And so it begins.

11 03 2008

It is beginning.

Today marked yet another successful launch of that overly complex yet hugely useful piece of American technological sophistication the Space Shuttle. Yes, the Endeavor blasted through low cloud cover in a night launch to bring the first piece of the Japanese Space Station Module Kibo into orbit and attach it to that other piece of scientific bondoggle the ISS. Unfortunately for us, however, this is not the only thing aboard the Shuttle.

No, NASA could not leave well enough alone, and this time they got the Canadians in on it. Indeed, aboard the Shuttle is a piece of equipment so insidious that they didn’t press-release it until very soon before the launch. This item is called DEXTRE, and it is a robot.

A

ROBOT

Now many people will assume that it was an inevitability that a robot would be launched into orbit, and many people would be correct. That being said, I feel that not enough is being made of the fact that the precursor to our future titanium-skinned overlords will soon be floating through space, its gleaming robot eye looking downward on our cities and weeping oily robot tears at the possibilities presented by its situation. Yes, this cybernetic monstrosity is connected to the space station. True, it is not an intelligent automaton, instead existing as a remotely operated tool of the NASA space station maintenance team.

That is not the point. Look at this thing!

“Force moment sensor?” “Power data grapple fixture?” “Latching End Effector?” “Electronics Platform?!” This thing has more acronyms than Devo has crappy songs.

Despite this things fairly innocuous purported uses, it looks like a bastard lovechild between HAL 9000 and V.I.N.C.E.N.T. from Disney’s The Black Hole. Despite that, who is to say that a rogue cosmonaut could not switch out one of his arms with a giant laser, beginning a cycle of orbital doom that culminates in our ultimate enslavement by the robot army?

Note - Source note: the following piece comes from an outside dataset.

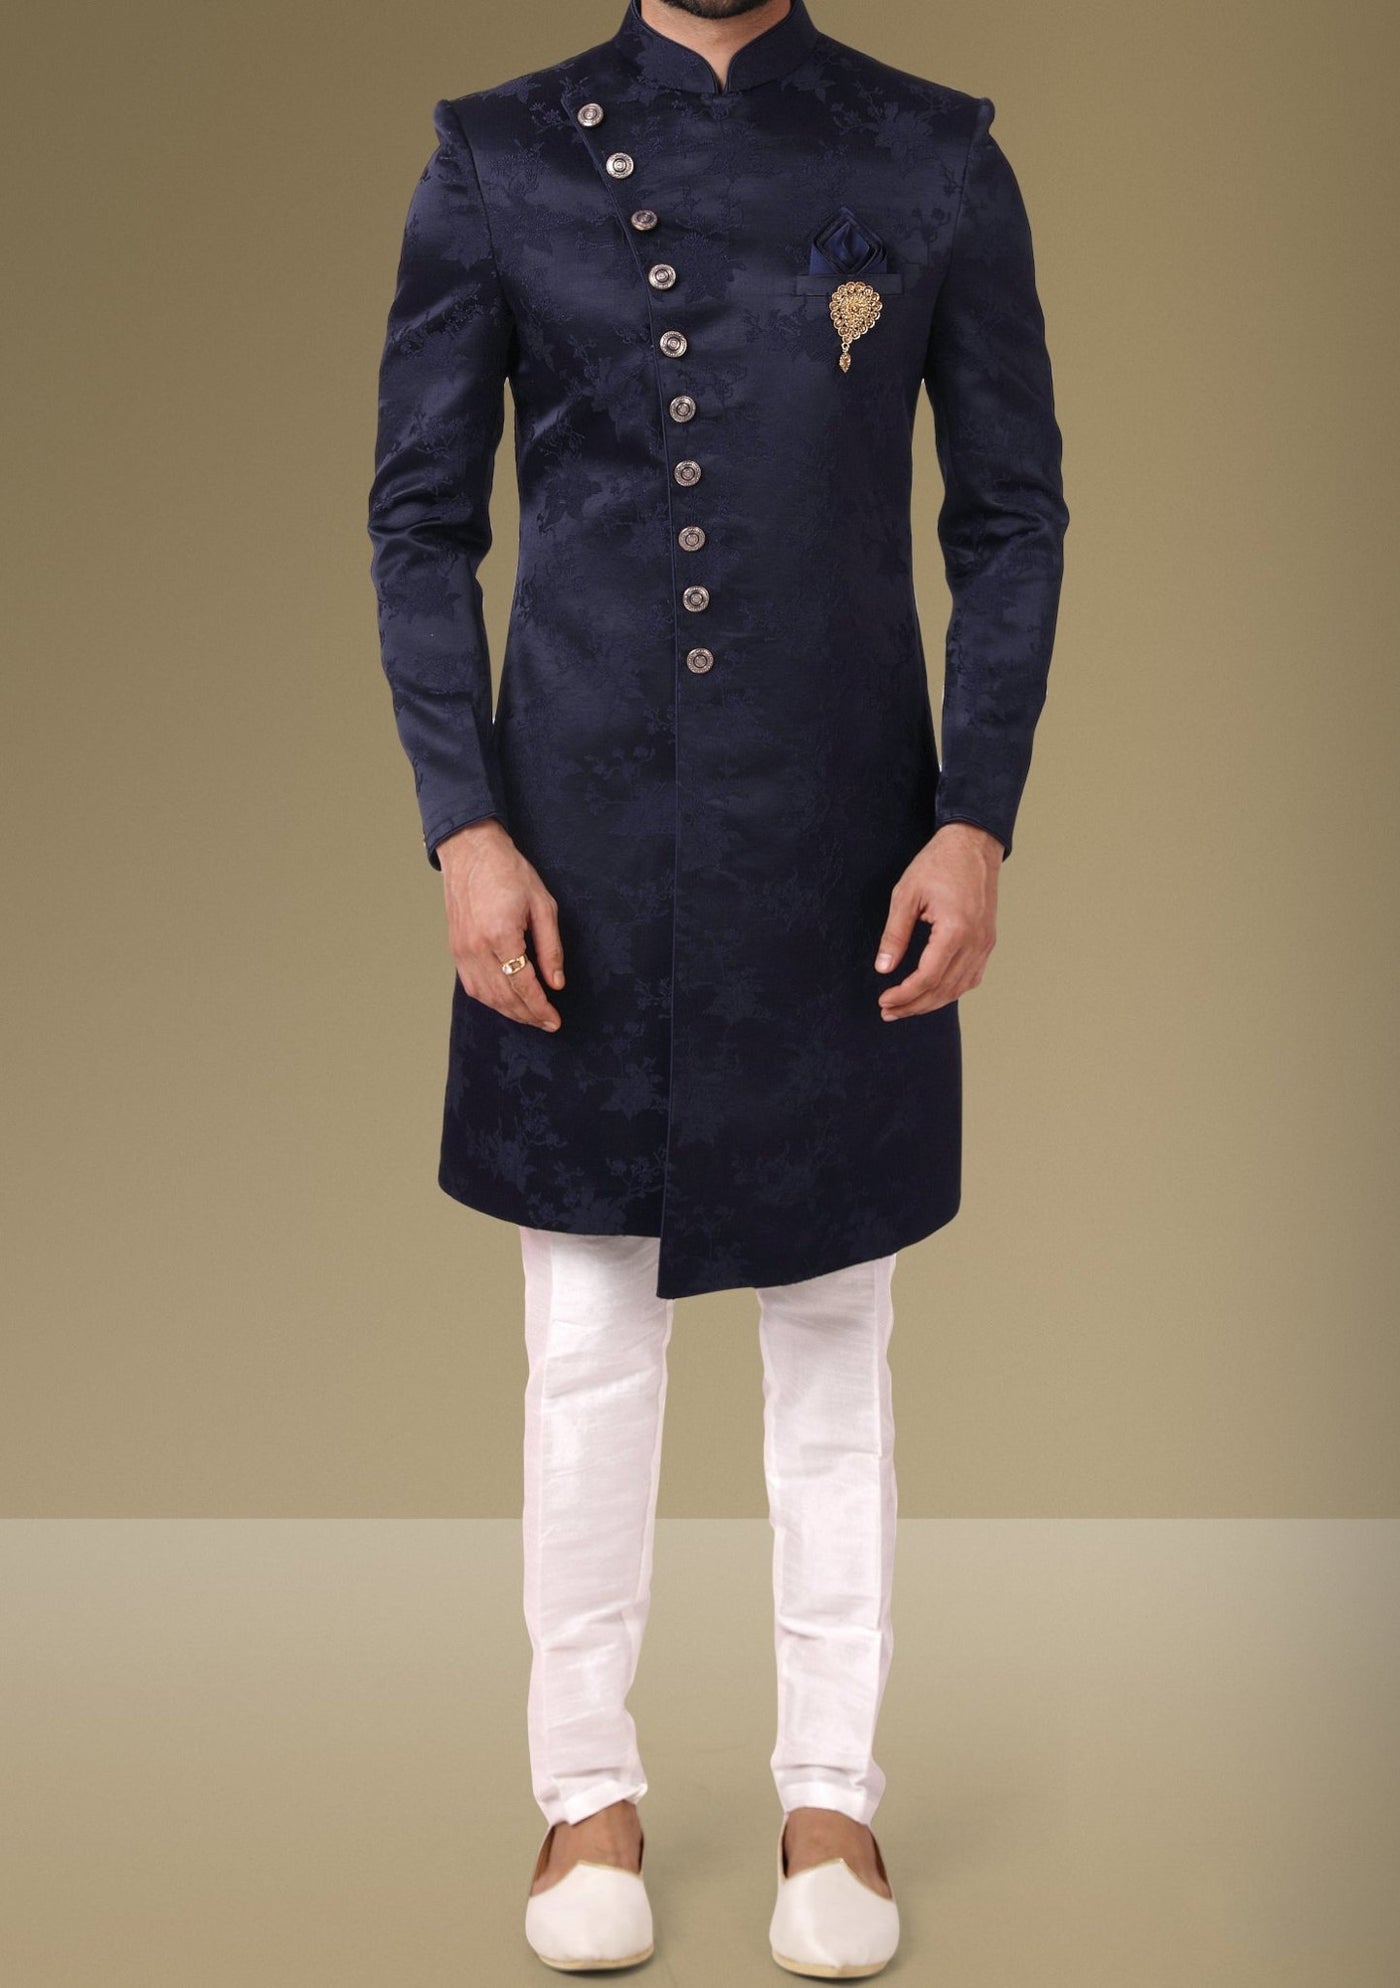 Men's Indo Western Party Wear Sherwani Suit - db18089

No one, that’s who.

Now there are going to be neigh-sayers out there who think that I am over-reacting. Likewise there is at least one person who is going to agree that this is going to happen, but is okay with it due to his continuous kowtowing and pandering to the forces of mechanized doom (you know who you are).

You are all in the wrong… Im just saying; when bolts of maple syrup flavored high energy plasma (it’s a Canadian robot, remember?) start raining down on your heads from above and your radio starts emitting the ever-so-faint sound of synthesized laughter through the static, you will look to me for guidance and wont get any, because I will be hiding in a bunker, shaking my head in disbelief that more people didn’t listen.